= Dianne Mirosh =

Canadian politician

Dianne Mirosh is a former provincial level politician from Calgary, Alberta, Canada. She served as a member of the Legislative Assembly of Alberta from 1986 to 1997. During her time in office, she served a number of cabinet portfolios in the Don Getty and Ralph Klein governments. Dianne currently commits her time to a blind/deaf youth summer camp program, located in British Columbia.

==Political career==
Mirosh was elected to the Alberta Legislature in the 1986 Alberta general election. She won the electoral district of Calgary-Glenmore, defeating three other candidates to hold it for the Progressive Conservative Party. The race saw a strong challenge by Independent candidate Lois Cummings, who finished a strong second. Mirosh was re-elected in the 1989 Alberta general election. She was nearly defeated by Liberal candidate Brendan Dunphy, who finished approximately 600 votes behind Mirosh.

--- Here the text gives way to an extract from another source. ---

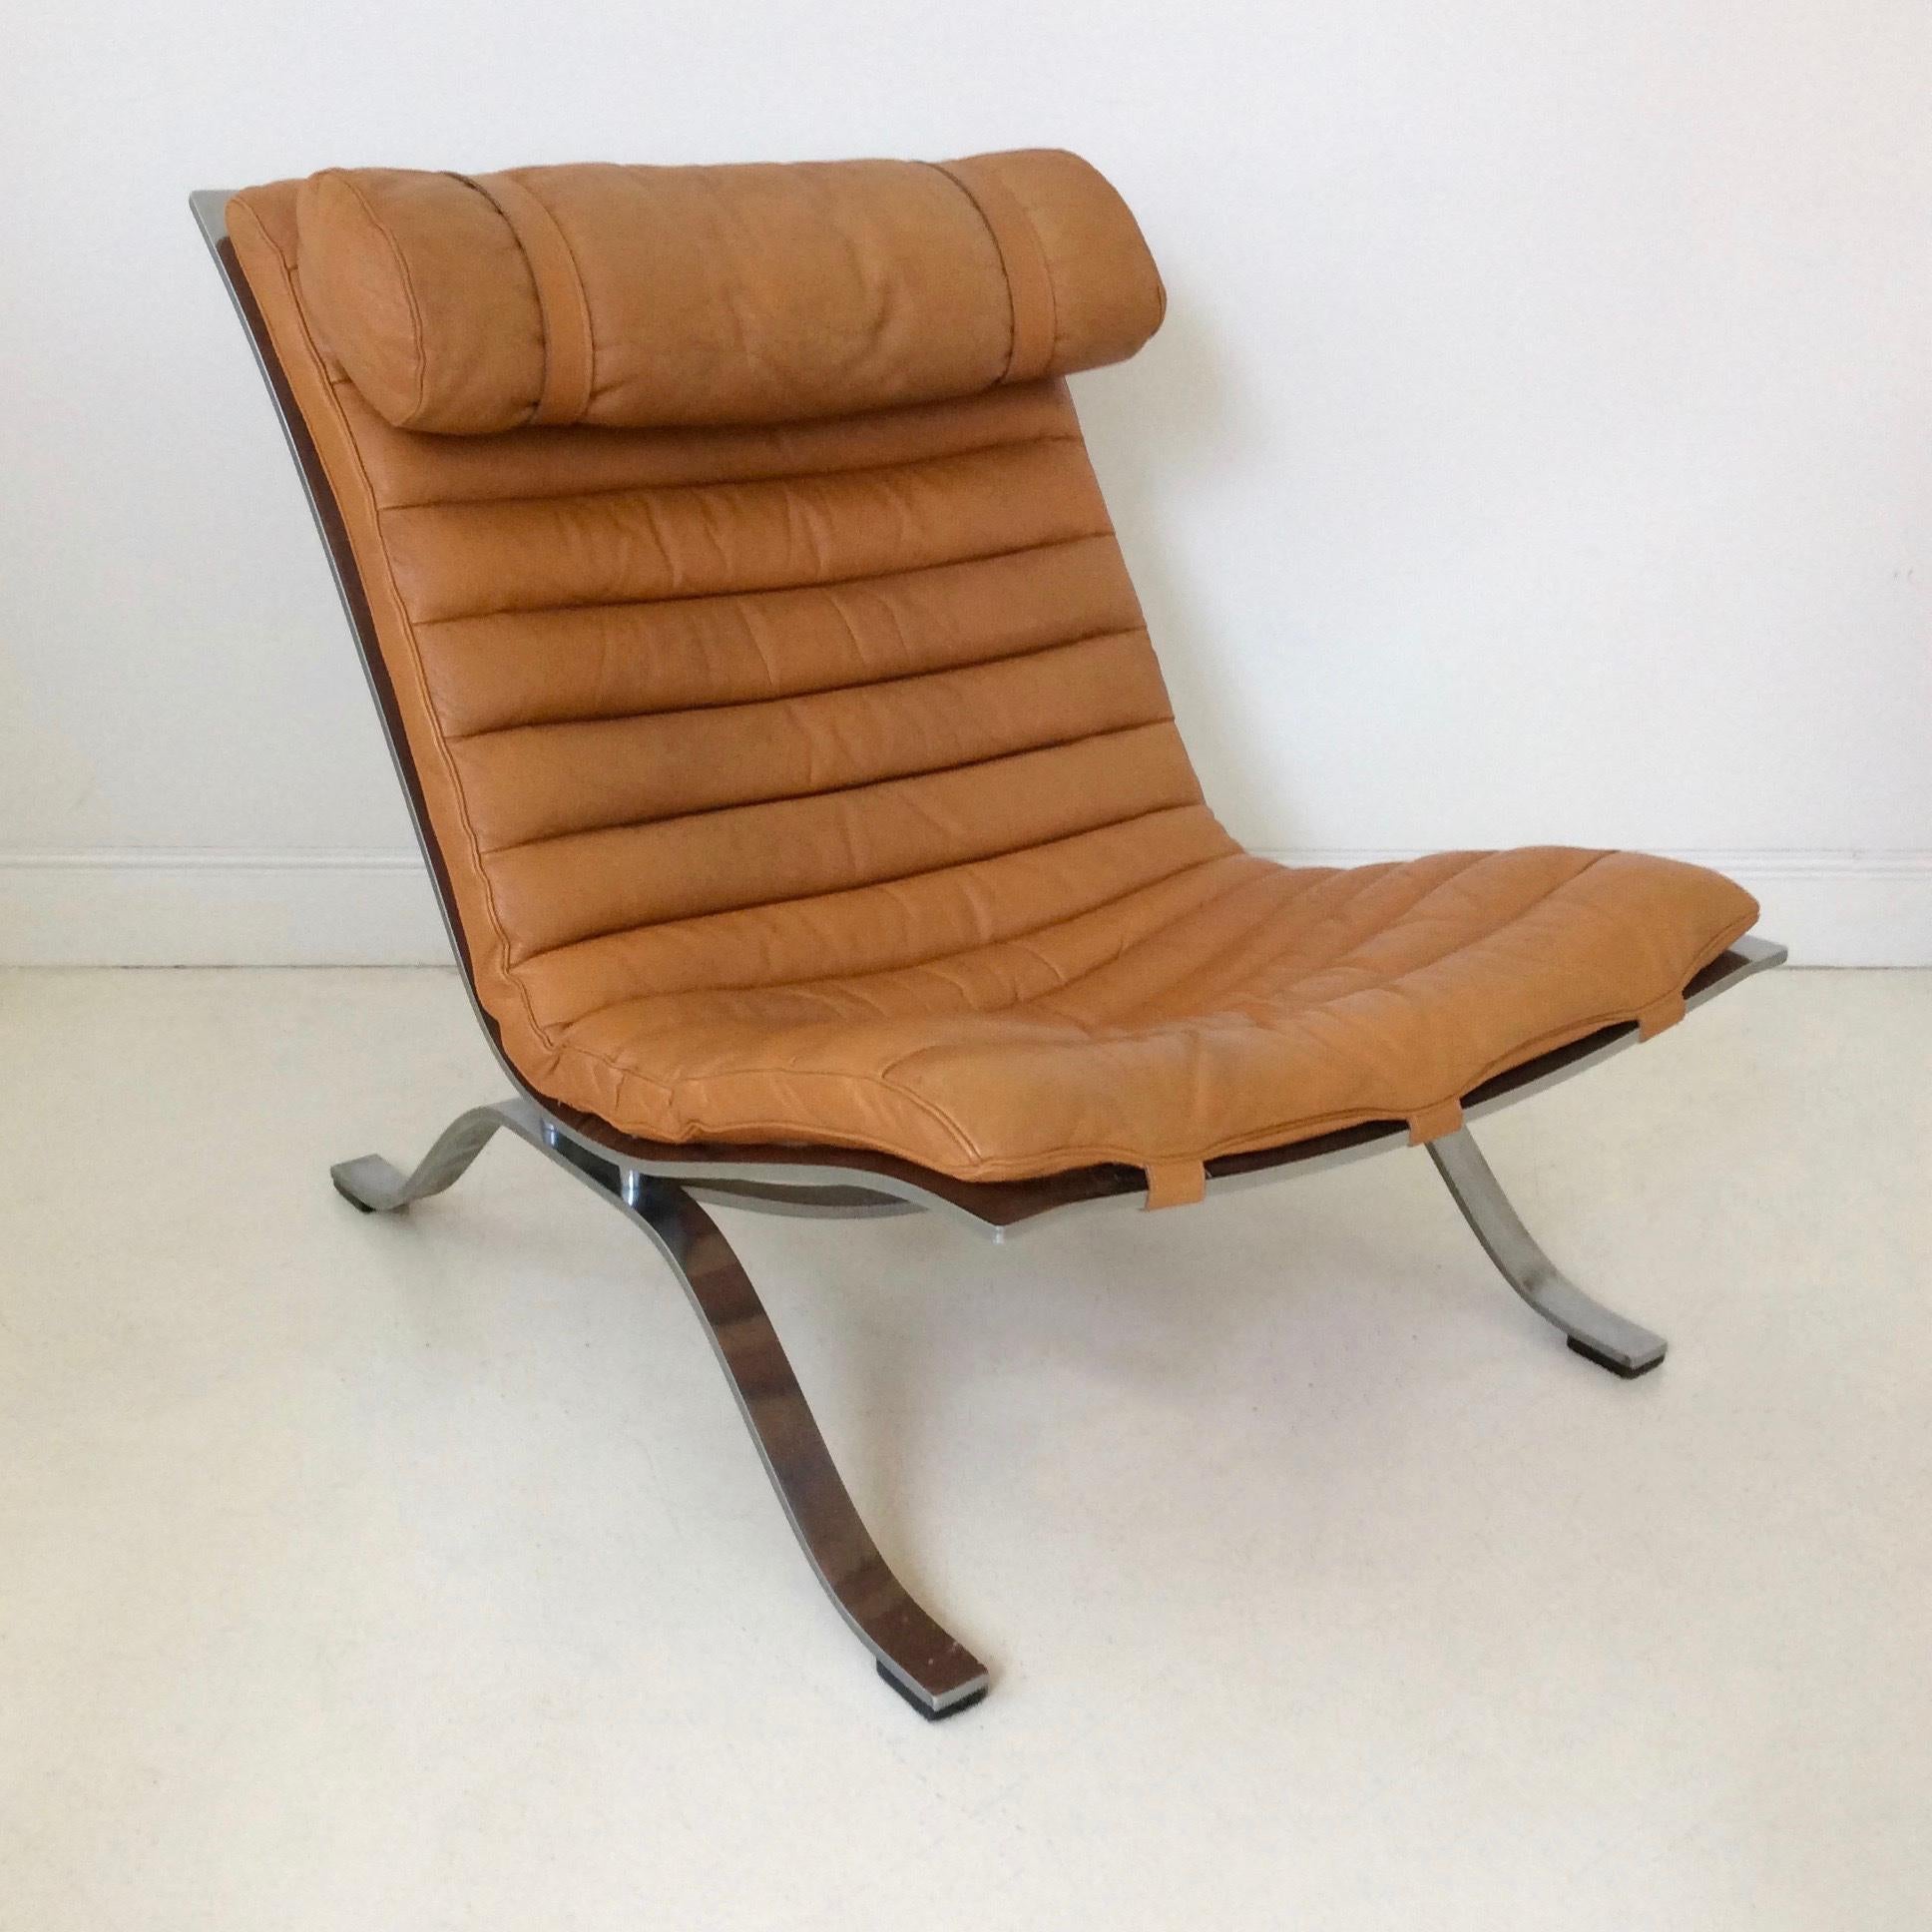 Arne Norell Ari Lounge Chair, circa 1965, Sweden (Skandinavische Moderne)

Dunphy and Mirosh faced each other again in the 1993 Alberta general election. Mirosh won the hotly contested race with 7972 votes to Dunphy's 7064. There were four other candidates on the ballot, but they all trailed far behind in popularity. On September 15, 1994, Premier Ralph Klein appointed Mirosh as the Minister of Science and Research, with responsibility to oversee the provincial government's newly created Science and Research authority.

Mirosh did not run for a fourth term in office, and retired at dissolution of the Legislature in 1997.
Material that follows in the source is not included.